- **Data excerpt**:
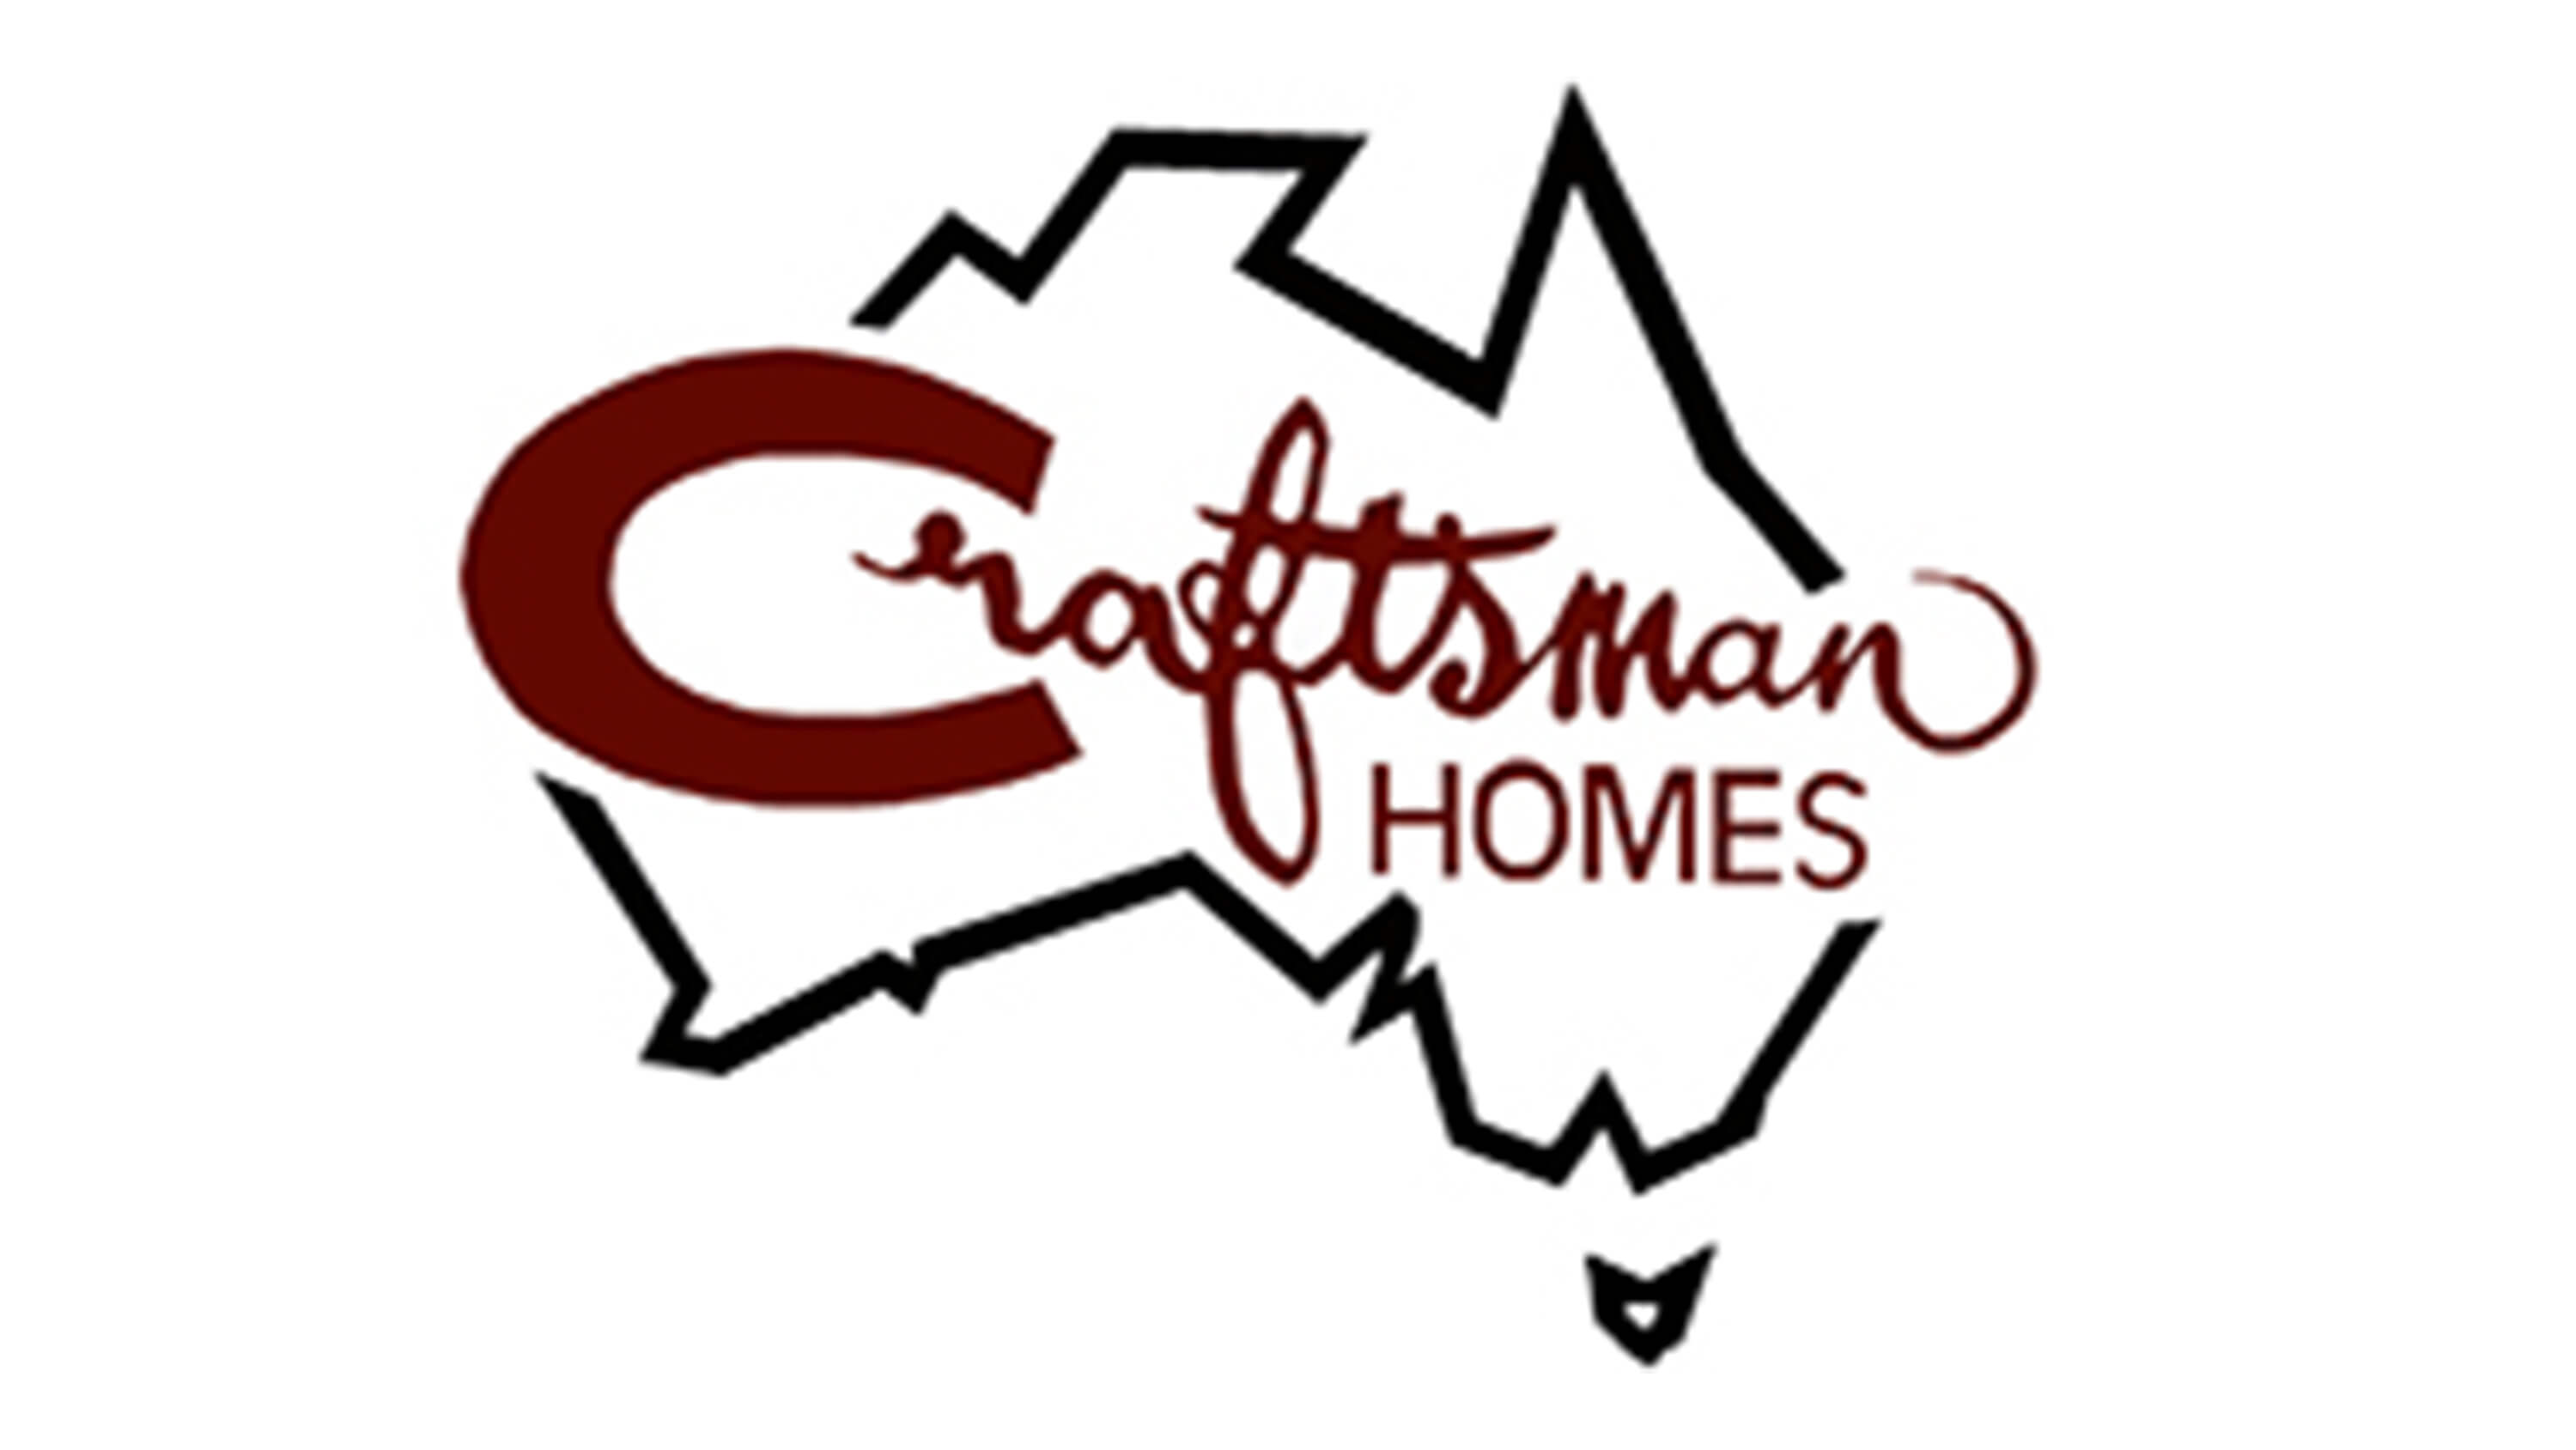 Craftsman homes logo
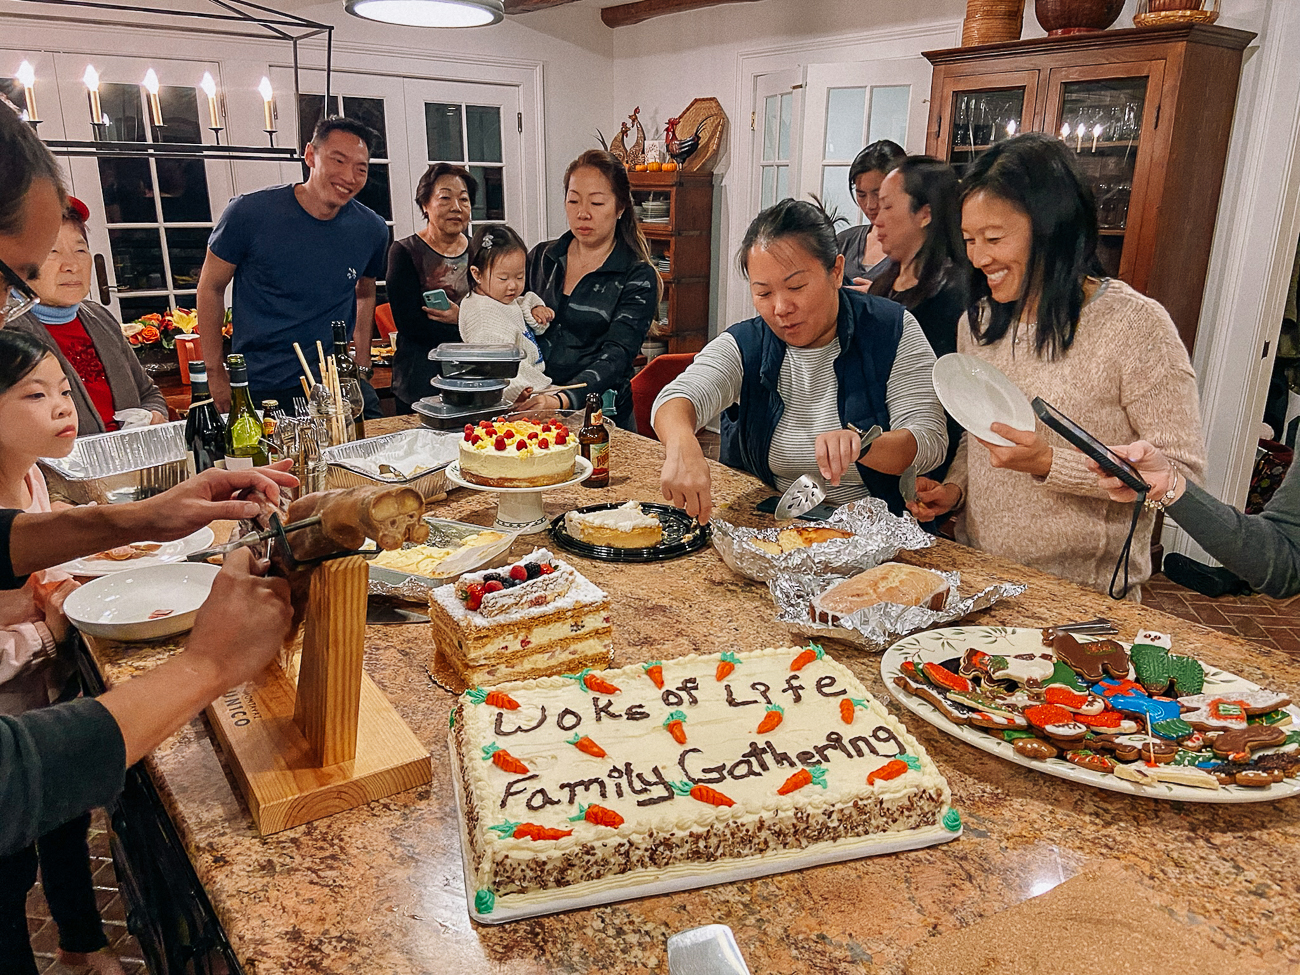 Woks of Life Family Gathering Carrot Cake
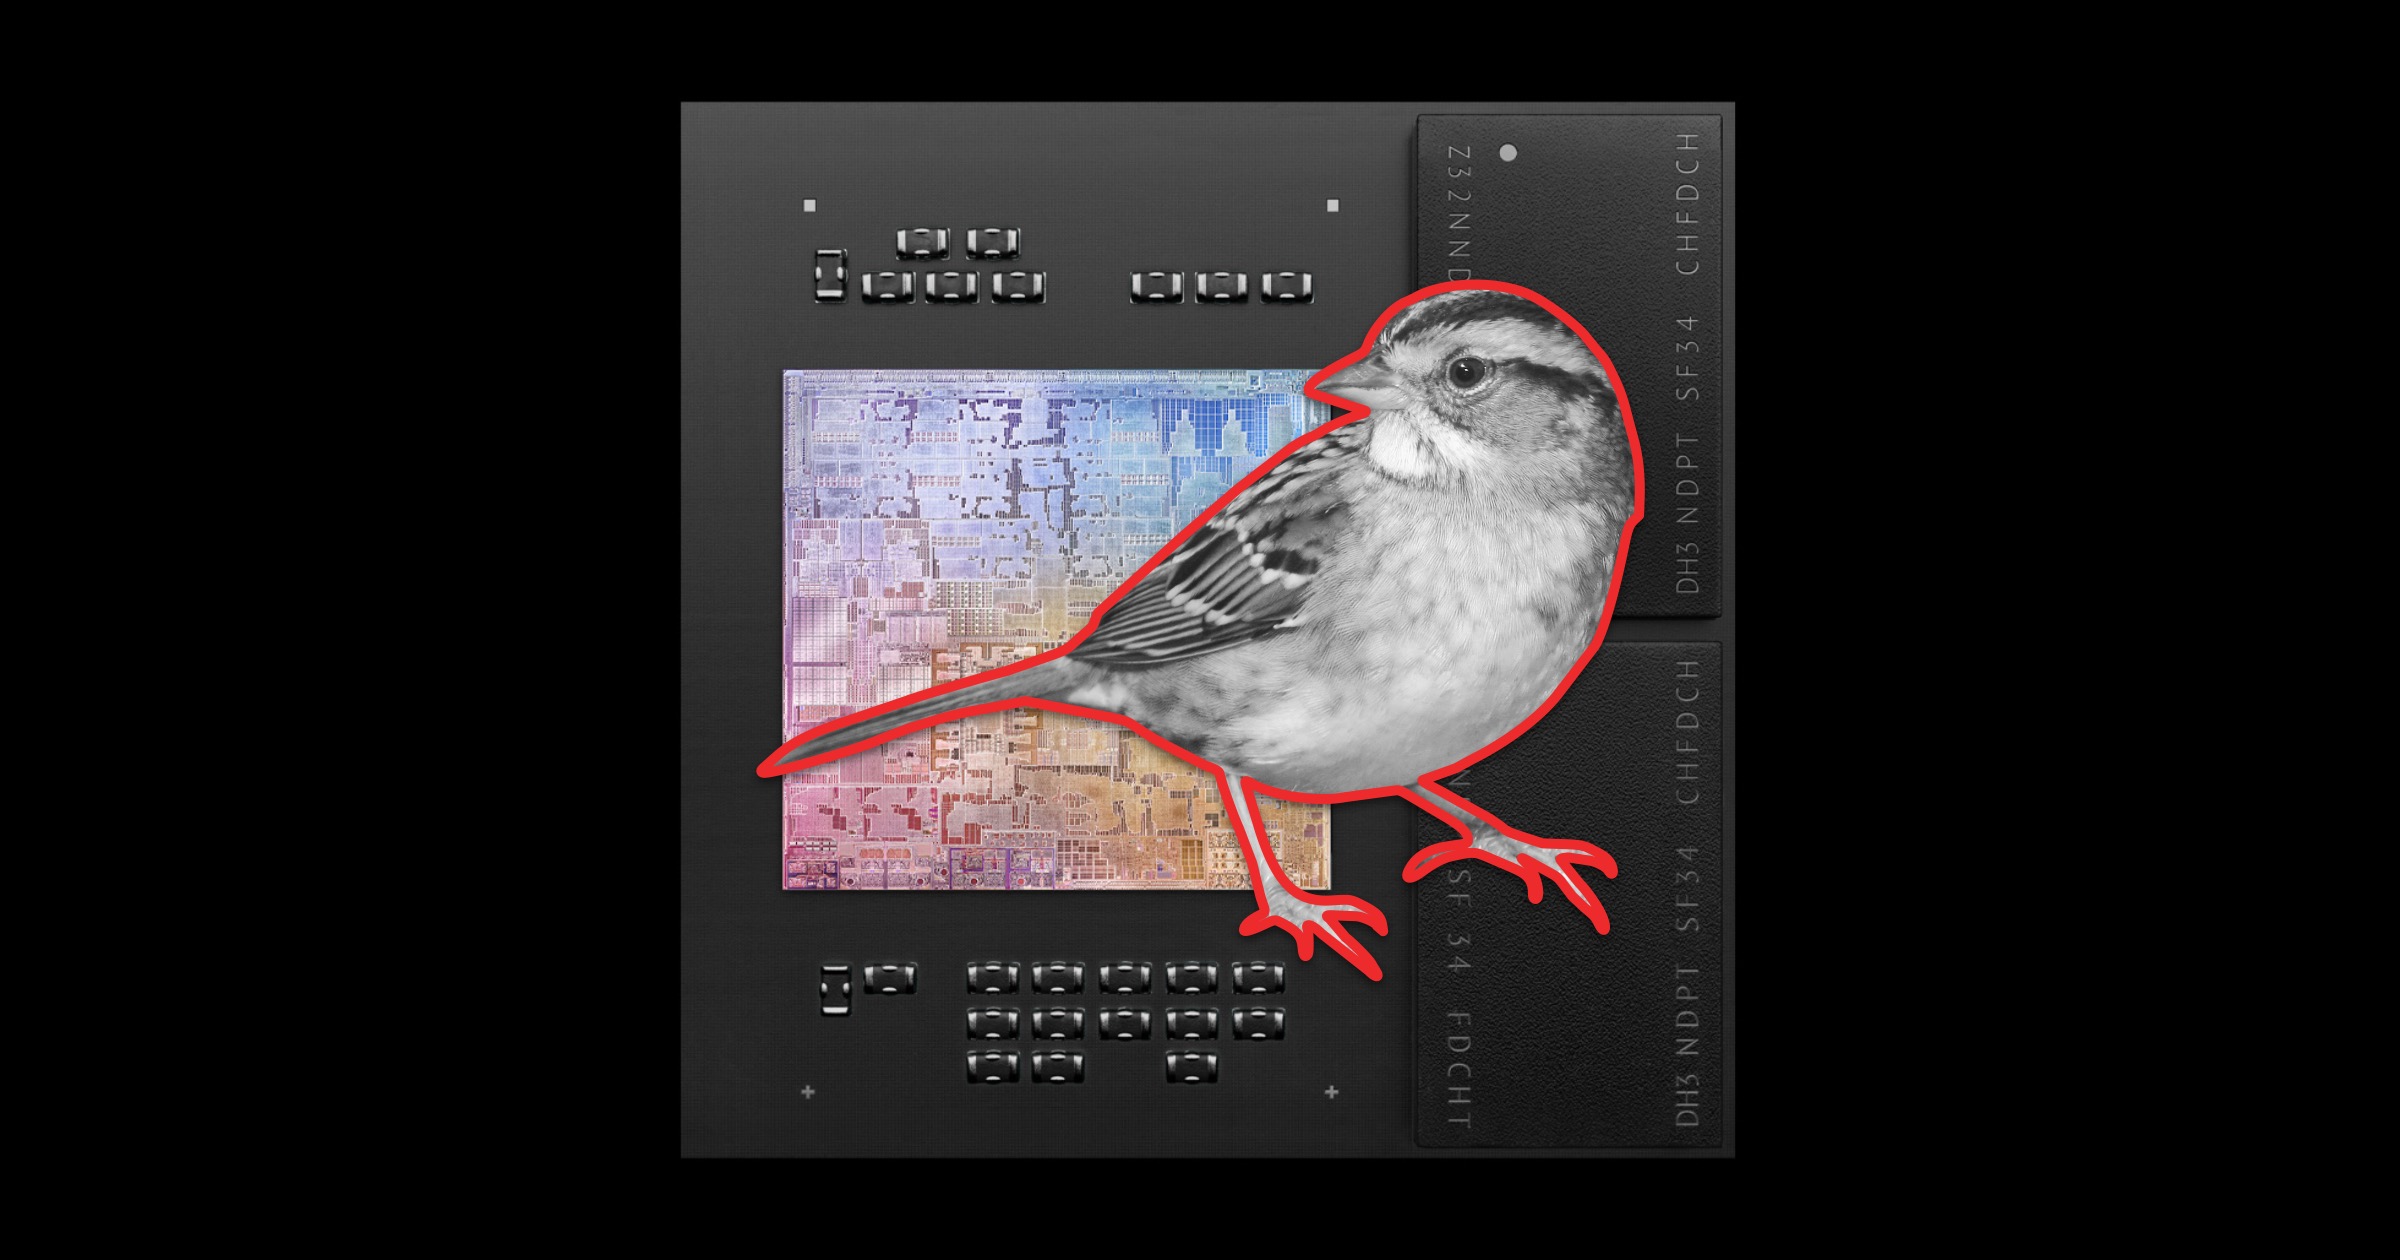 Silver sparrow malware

- **What this task involves**: In the answer, all of the material should appear exactly as given, with no picture carried over.

- **Answer to this problem**:
 Craftsman homes logo
 Woks of Life Family Gathering Carrot Cake
 Silver sparrow malware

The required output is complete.